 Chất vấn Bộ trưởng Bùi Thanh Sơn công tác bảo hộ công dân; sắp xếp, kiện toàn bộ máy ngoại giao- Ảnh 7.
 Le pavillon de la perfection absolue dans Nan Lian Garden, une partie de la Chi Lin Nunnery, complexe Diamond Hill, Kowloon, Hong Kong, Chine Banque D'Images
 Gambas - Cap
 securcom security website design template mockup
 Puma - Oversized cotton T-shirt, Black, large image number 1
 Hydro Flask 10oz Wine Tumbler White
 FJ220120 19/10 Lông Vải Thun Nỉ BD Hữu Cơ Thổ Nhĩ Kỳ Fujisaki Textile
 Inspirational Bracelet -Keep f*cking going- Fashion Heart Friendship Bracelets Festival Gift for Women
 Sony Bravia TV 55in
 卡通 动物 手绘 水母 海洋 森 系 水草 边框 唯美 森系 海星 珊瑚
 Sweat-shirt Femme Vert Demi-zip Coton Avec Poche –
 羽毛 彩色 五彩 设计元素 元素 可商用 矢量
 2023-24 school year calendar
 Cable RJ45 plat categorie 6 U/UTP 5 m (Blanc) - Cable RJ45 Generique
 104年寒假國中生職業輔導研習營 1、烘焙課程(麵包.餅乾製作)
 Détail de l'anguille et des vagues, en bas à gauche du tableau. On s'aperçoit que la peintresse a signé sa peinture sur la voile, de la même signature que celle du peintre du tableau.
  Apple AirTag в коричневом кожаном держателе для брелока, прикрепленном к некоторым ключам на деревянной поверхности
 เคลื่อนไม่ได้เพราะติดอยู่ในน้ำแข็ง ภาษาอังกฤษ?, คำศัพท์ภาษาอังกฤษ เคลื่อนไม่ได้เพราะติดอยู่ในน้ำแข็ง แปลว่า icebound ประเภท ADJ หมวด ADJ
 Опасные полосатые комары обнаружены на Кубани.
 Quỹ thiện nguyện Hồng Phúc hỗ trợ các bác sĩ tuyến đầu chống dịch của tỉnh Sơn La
++++++++
[Work order] The lines sought are those in the data above that include the string "shirt"; copy each one.

[Exercise answer]
 Puma - Oversized cotton T-shirt, Black, large image number 1
 Sweat-shirt Femme Vert Demi-zip Coton Avec Poche –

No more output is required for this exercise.